# BRIEF:
Once you find the line with "Leopold Gratz, Präsident" in the entries below, print it and each line after it up to and including the line with "scena di paesaggio", exactly, without pictures.

Top of DATA

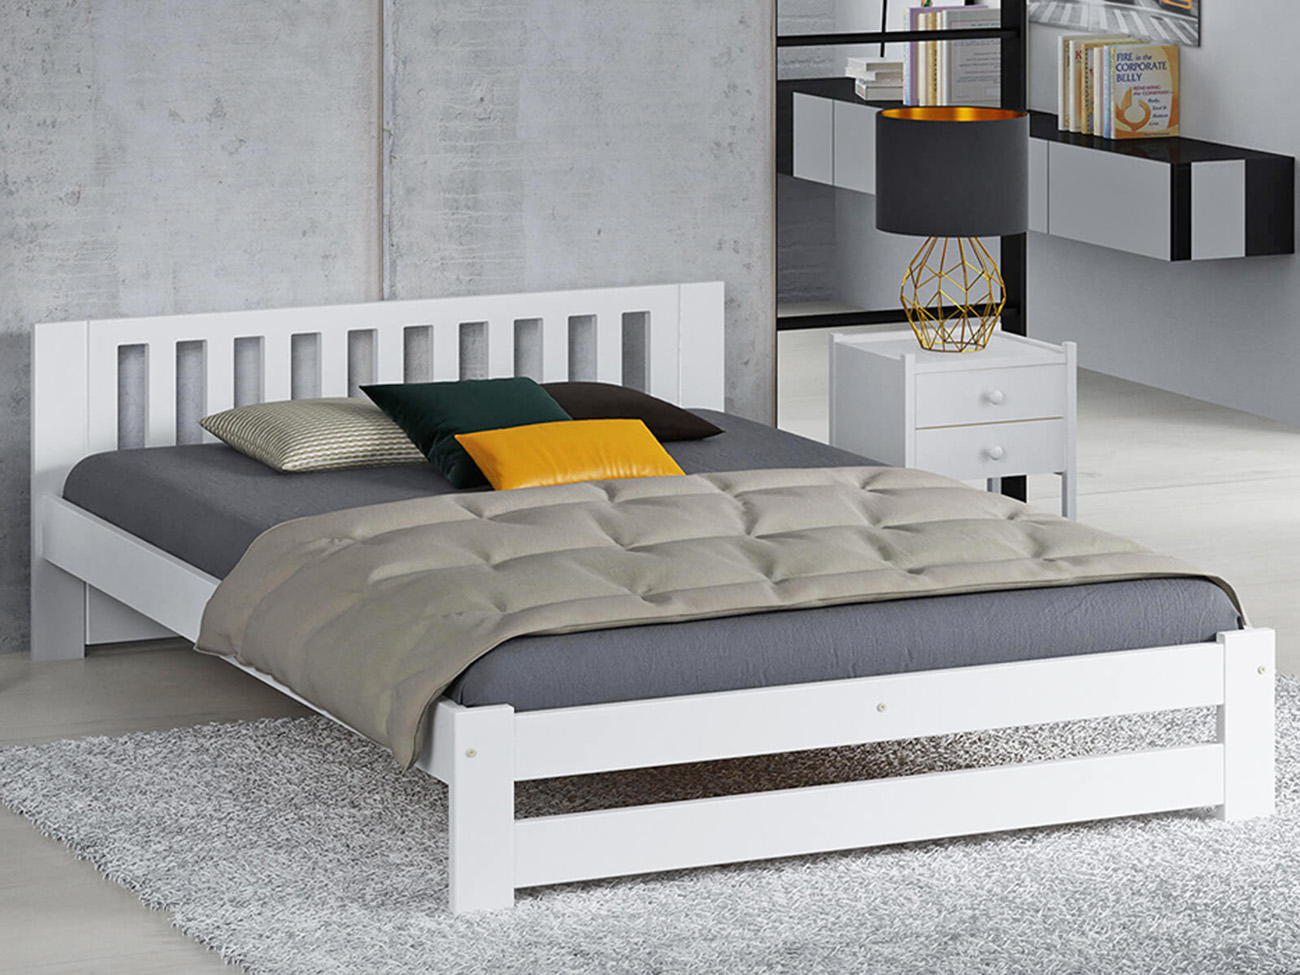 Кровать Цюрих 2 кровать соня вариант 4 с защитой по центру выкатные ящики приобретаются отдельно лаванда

Bottom of DATA
Top of DATA

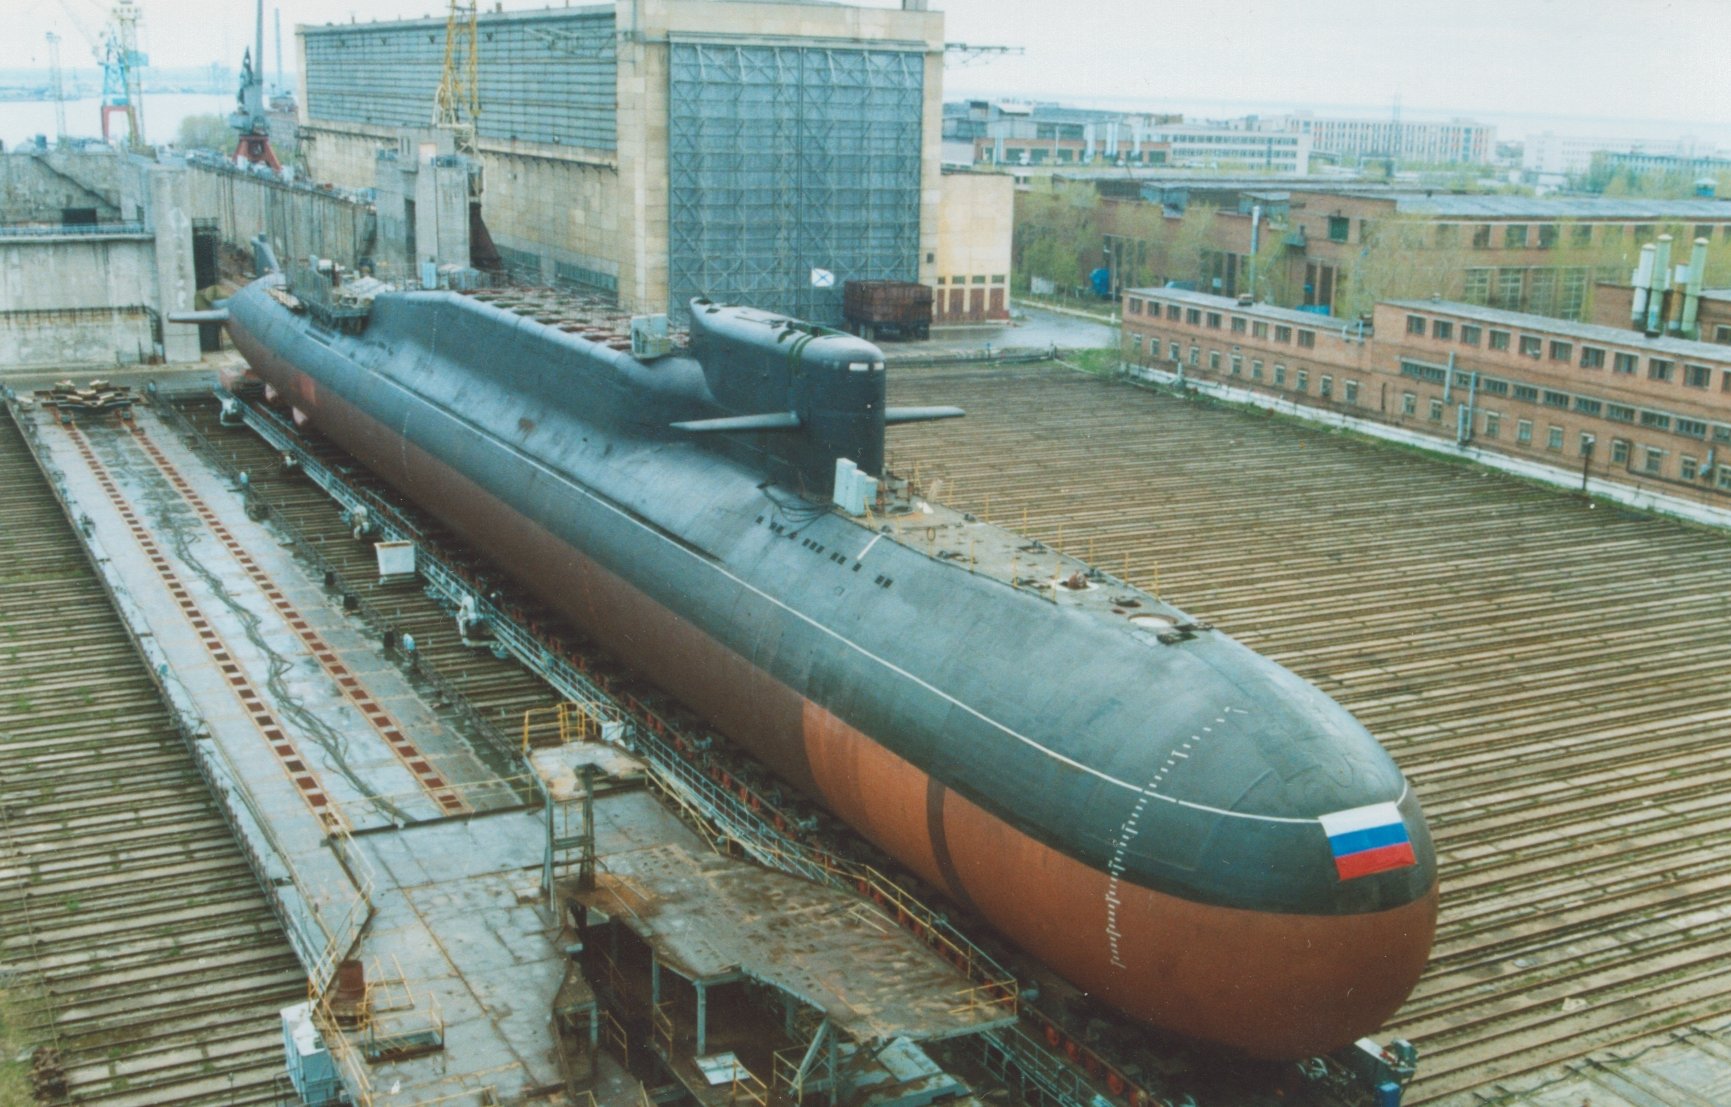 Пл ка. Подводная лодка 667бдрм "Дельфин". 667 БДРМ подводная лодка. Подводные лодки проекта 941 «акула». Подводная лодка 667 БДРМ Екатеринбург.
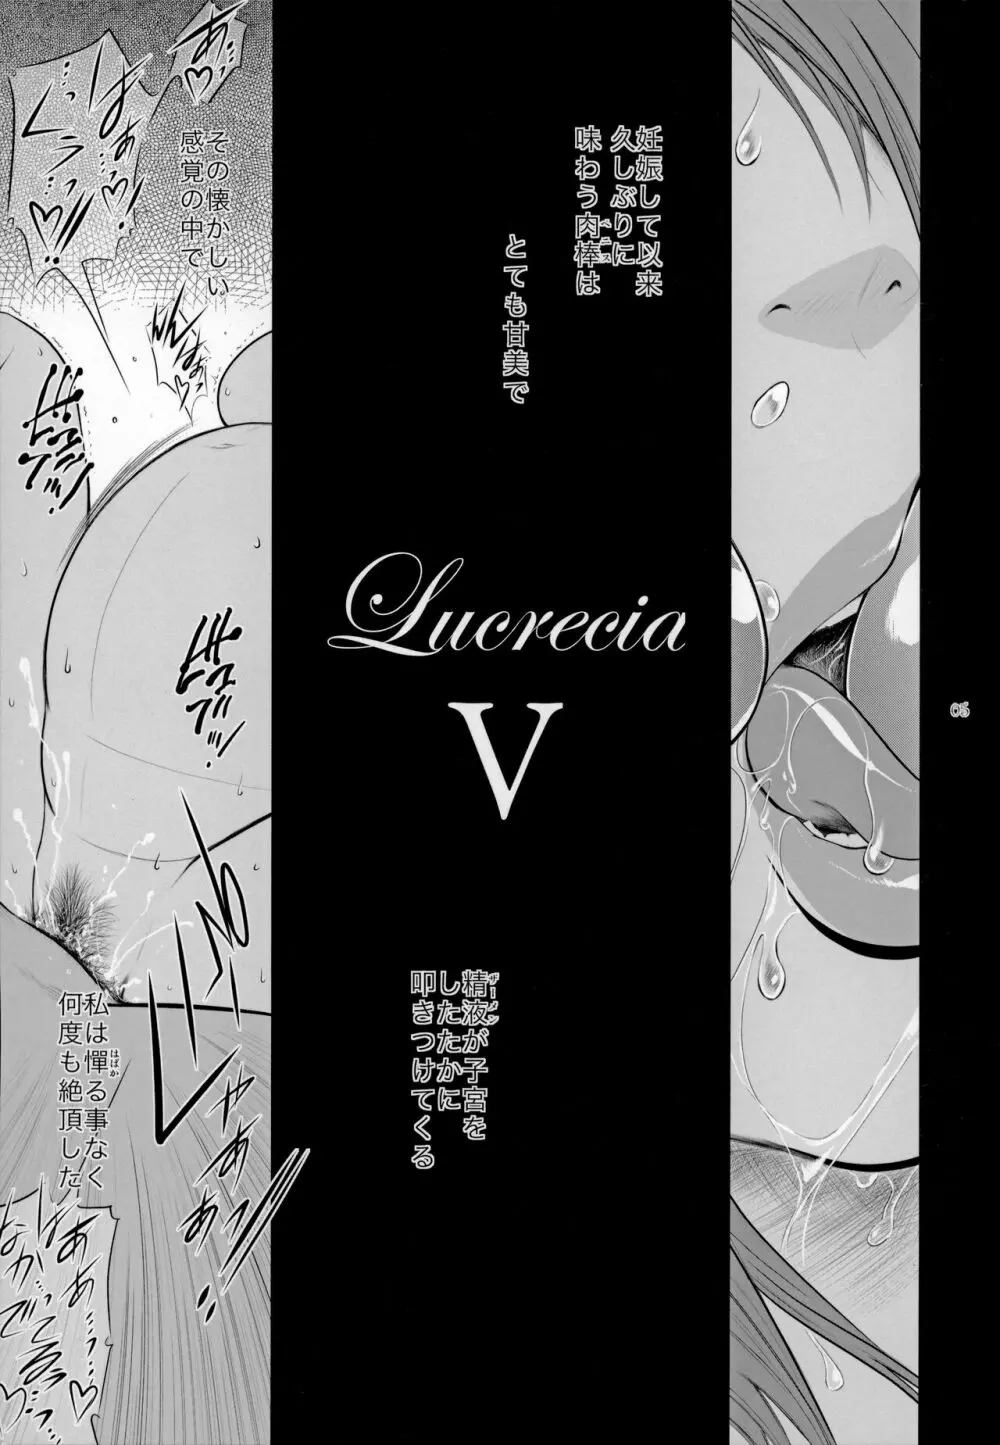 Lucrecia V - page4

Bottom of DATA
Top of DATA

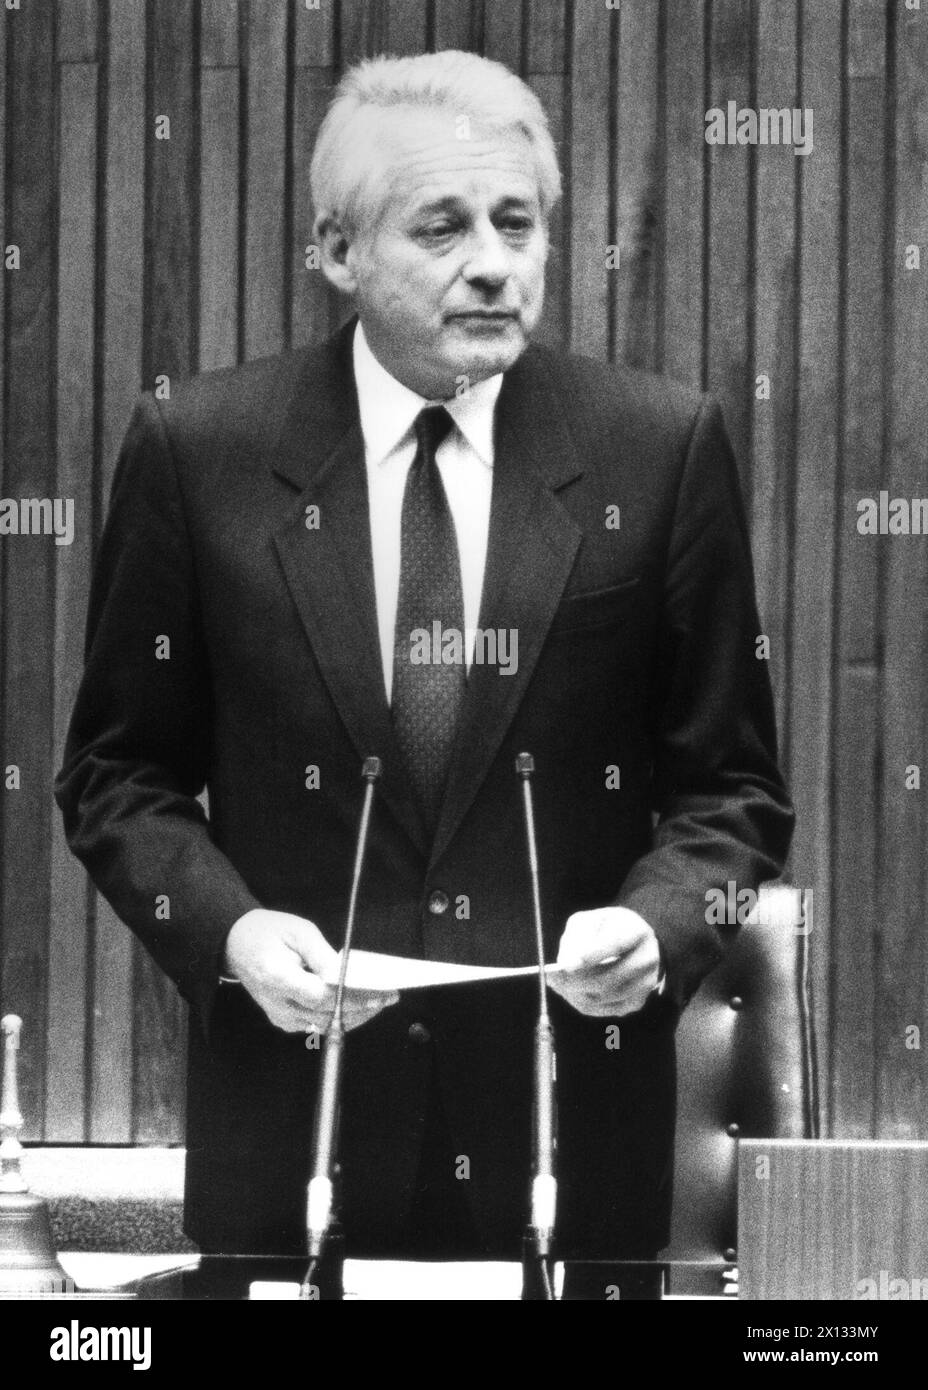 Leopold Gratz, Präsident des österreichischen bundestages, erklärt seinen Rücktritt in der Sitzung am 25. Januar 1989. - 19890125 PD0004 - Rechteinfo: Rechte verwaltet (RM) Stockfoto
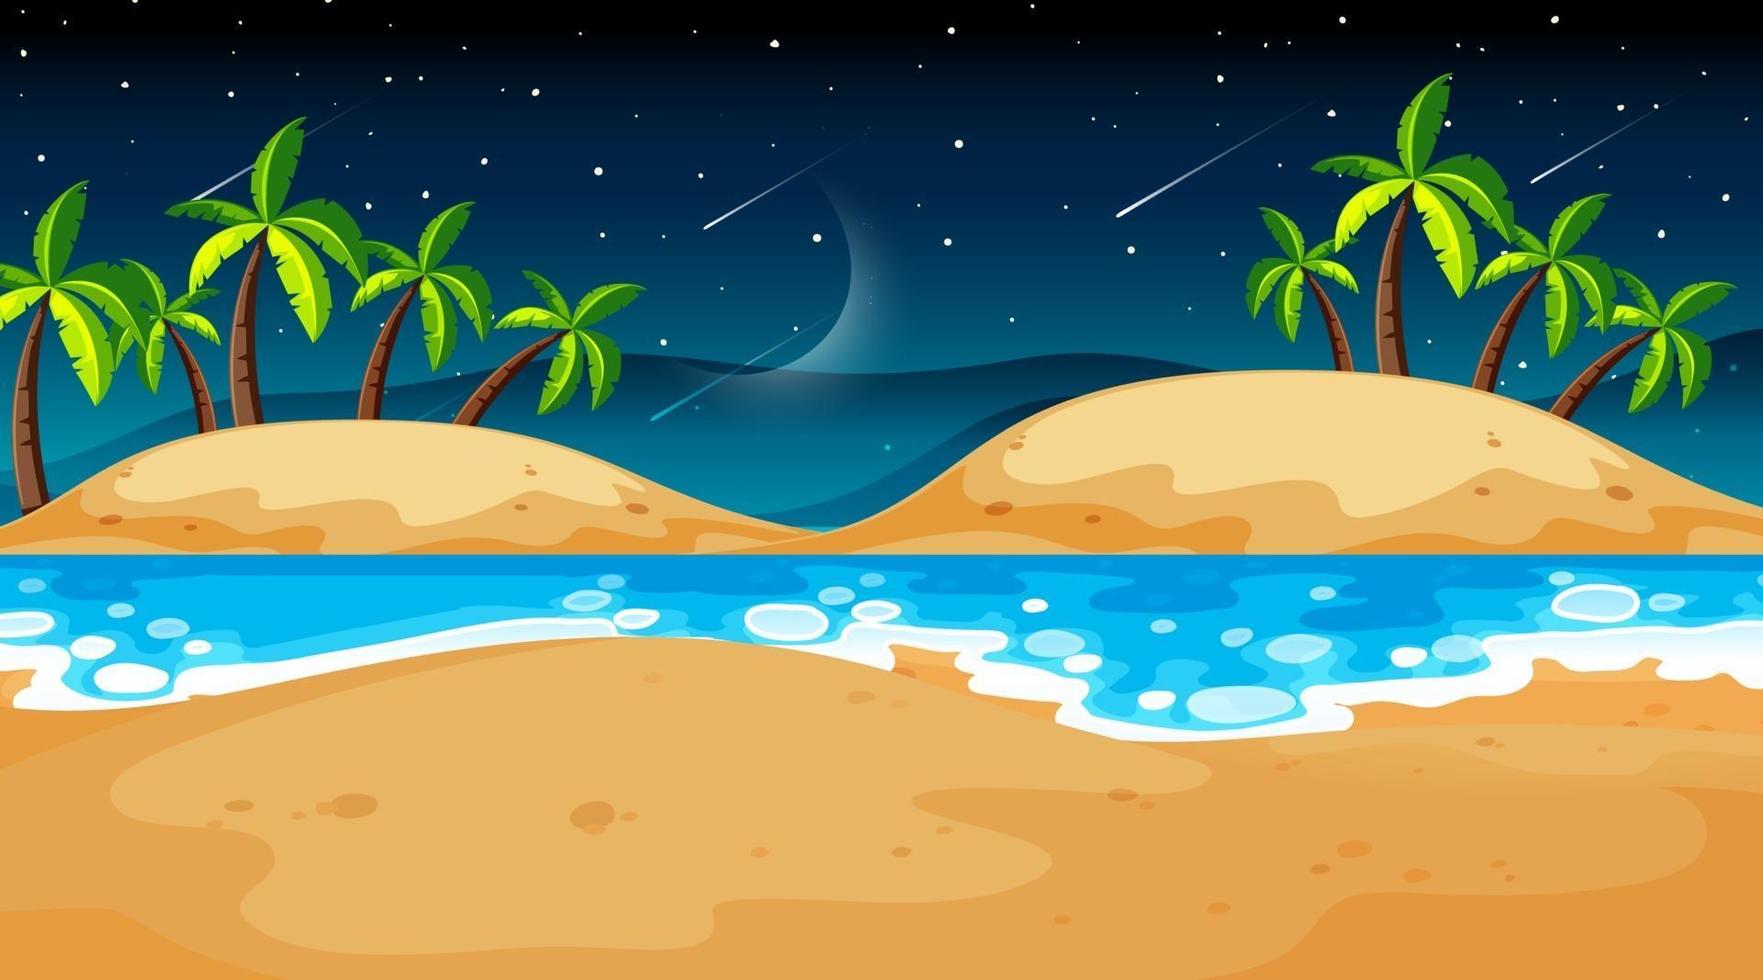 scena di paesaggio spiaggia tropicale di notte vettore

Bottom of DATA

# ANSWER SECTION:
 Leopold Gratz, Präsident des österreichischen bundestages, erklärt seinen Rücktritt in der Sitzung am 25. Januar 1989. - 19890125 PD0004 - Rechteinfo: Rechte verwaltet (RM) Stockfoto
 scena di paesaggio spiaggia tropicale di notte vettore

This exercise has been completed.